Скарга понял, что сочувствие относится к его появлению в Минске.
— Пришлось, — кивнул он.
— Могу адрес дать, — сказал старик. — У меня под Вильней очень хороший друг живет.
— Спасибо, пан Винцесь, не надо. Я с другой просьбой, — Скарга достал из саквояжа сверток. — Разрешите оставить у вас вот это.
Старик, не интересуясь, что в свертке, показал на полку:
— Прячь. Когда потребуется?
— Не знаю. Может через два часа, может ночью.
— Если ночью — возьми, — старик снял с гвоздя ключ. — Зайдешь со двора. Дверь обита жестью.
— Вместо меня, — сказал Скарга, — может прийти человек, который назовется… — Он подумал, что неизвестно еще, когда встретится с Антоном, может и не встретиться, и предложил более надежный вариант: — который скажет: «Скарга послал». Но если завтра никто не придет, и пакет будет на месте, прошу, пан Винцесь, зайти в первую гимназию и спросить Гурина. Он заберет.
Старик вышел в лавку и вернулся с маленькой коробочкой из-под сосулек.
— Бери, — он поставил коробочку на стол. — Здесь шестьдесят рублей золотом. На дорогу.
Скарга понял, что это прощальный подарок. Верить в новую встречу им не приходилось. Он поднялся и обнял старика. Оба вздохнули, испытывая горечь разлуки и беззащитность перед временем.

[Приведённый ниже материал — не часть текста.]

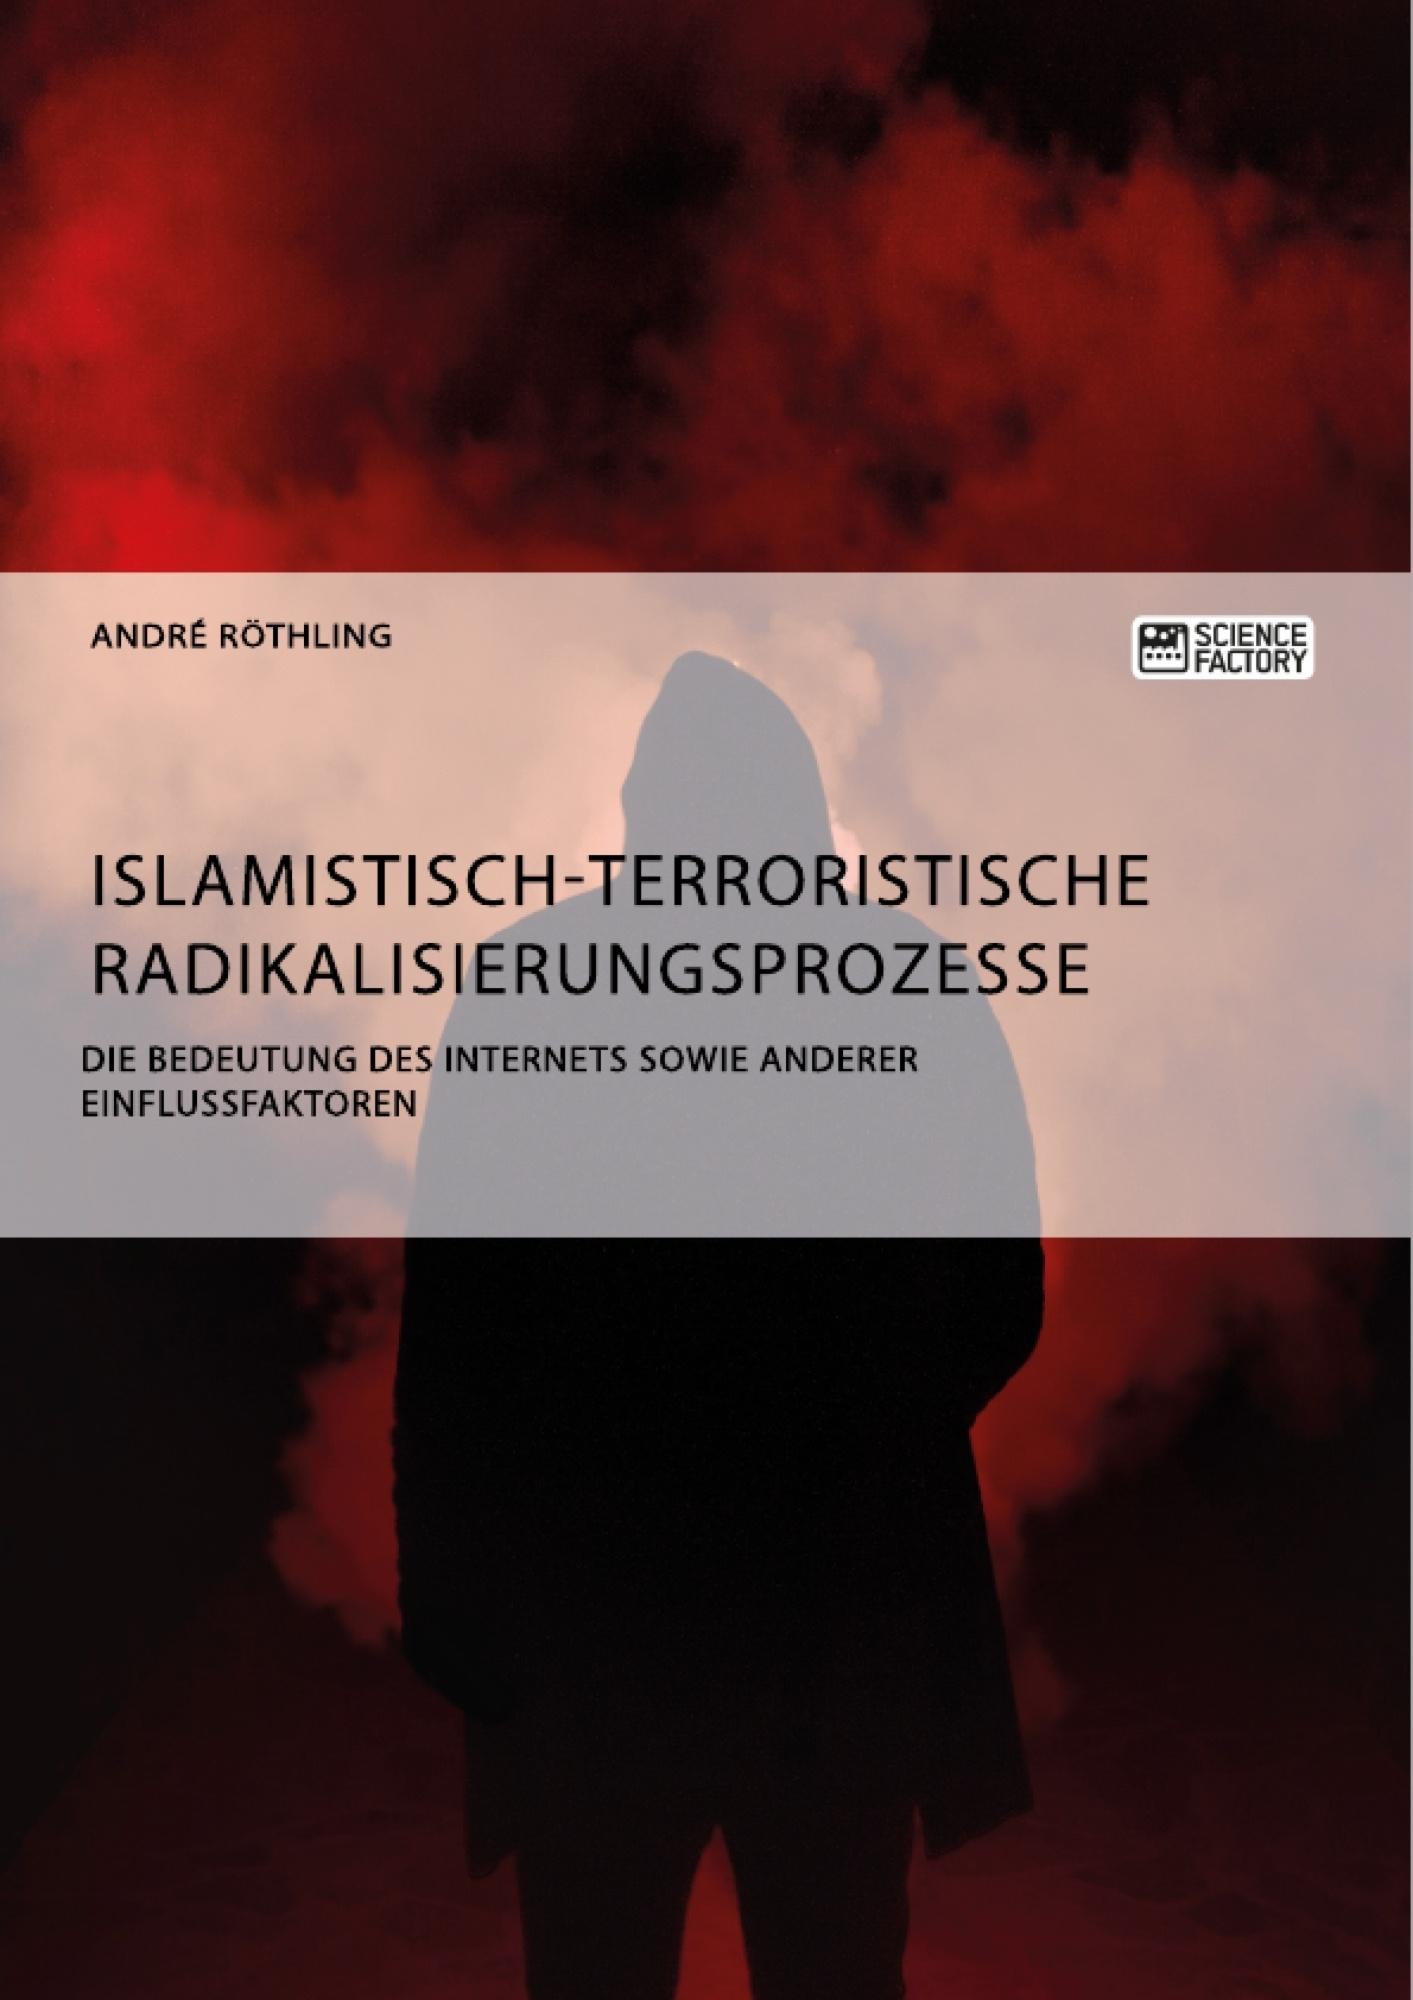 Titel: Islamistisch-terroristische Radikalisierungsprozesse. Die Bedeutung des Internets sowie anderer Einflussfaktoren

Через десять минут он шел по Захарьевской в Александровский сквер.[44] У входа разносчик продавал газеты. Скарга взял одну и сунул в карман. Вокруг фонтана бегали дети. Городовой одиноко сидел на скамейке в тени и, сложив на животе руки, смотрел, как из горла лебедя бьет струя. Скарга присел возле городового. Тот покосился, но смолчал. Мягкий шелест воды навевал успокоение. Видимо, городовой был умиротворен. Взгляд Скарги тоже приковался к струе. Когда он родился, фонтан уже стоял. Зримым свидетельством приобщения губернского Минска к такому признаку цивилизации, как водопровод. Мальчик и лебедь — сентиментальный символ захолустья. Тут все знают, что они провинциалы. Даже на собственные газеты поставили клеймо этого глухого угла. Вот, пожалуйста. Скарга глянул на название газеты «Окраина». А еще была газетка «Голос провинции», усмехнулся он. Но тут же подумал, что у провинции может быть очень раскатистый голос. Вся империя почувствовала это, когда Гриневицкий бросил бомбу в царя. Приехал провинциал и метнул в царя бомбу. И партия эсеров была создана здесь, в провинциальной Минской губернии. А теперь не только царь, все они боятся. Им не будет пощады. Они поняли это, когда социалист-революционер Болмашев казнил министра внутренних дел Сипягина, когда могилевский эсер Карпович казнил министра народного просвещения Боголепова, минский боевик Ваня Пулихов метнул заряд в Курлова, а отважная девушка Спиридонова стреляла в народоненавистника Луженовского. Социалист-революционер Сазонов казнил Плеве — еще одного министра внутренних дел. А сколько полковых командиров и черносотенцев отправилось вослед за генералом Мином. Летучий отряд боевиков казнил Аврамова. В Могилеве член боевой пятерки Лида Язерская ранила губернатора. И помощник полицмейстера Мизгайло получил три выстрела в грудь. А здесь в Минске, наши боевики освободили и тюрьмы Катю Измаилович, и надзиратель Крживицкий, пытавшийся помешать побегу, был застрелен. Минские боевики вогнали по пуле в пристава Гоголя и полицейского Шимановича. Теперь не только эсеров, бундовцев и эсдеков везут на кладбище, теперь и жандармский ряд там растет. Поэтому жандармы и не взяли его в Смоленске. Они боятся, что девяносто две тысячи боевики обратят в наганы и динамит. Им надо отнять деньги у партии. Но уже не отнимут. Скарга испытал гордость, что главное дело он сделал.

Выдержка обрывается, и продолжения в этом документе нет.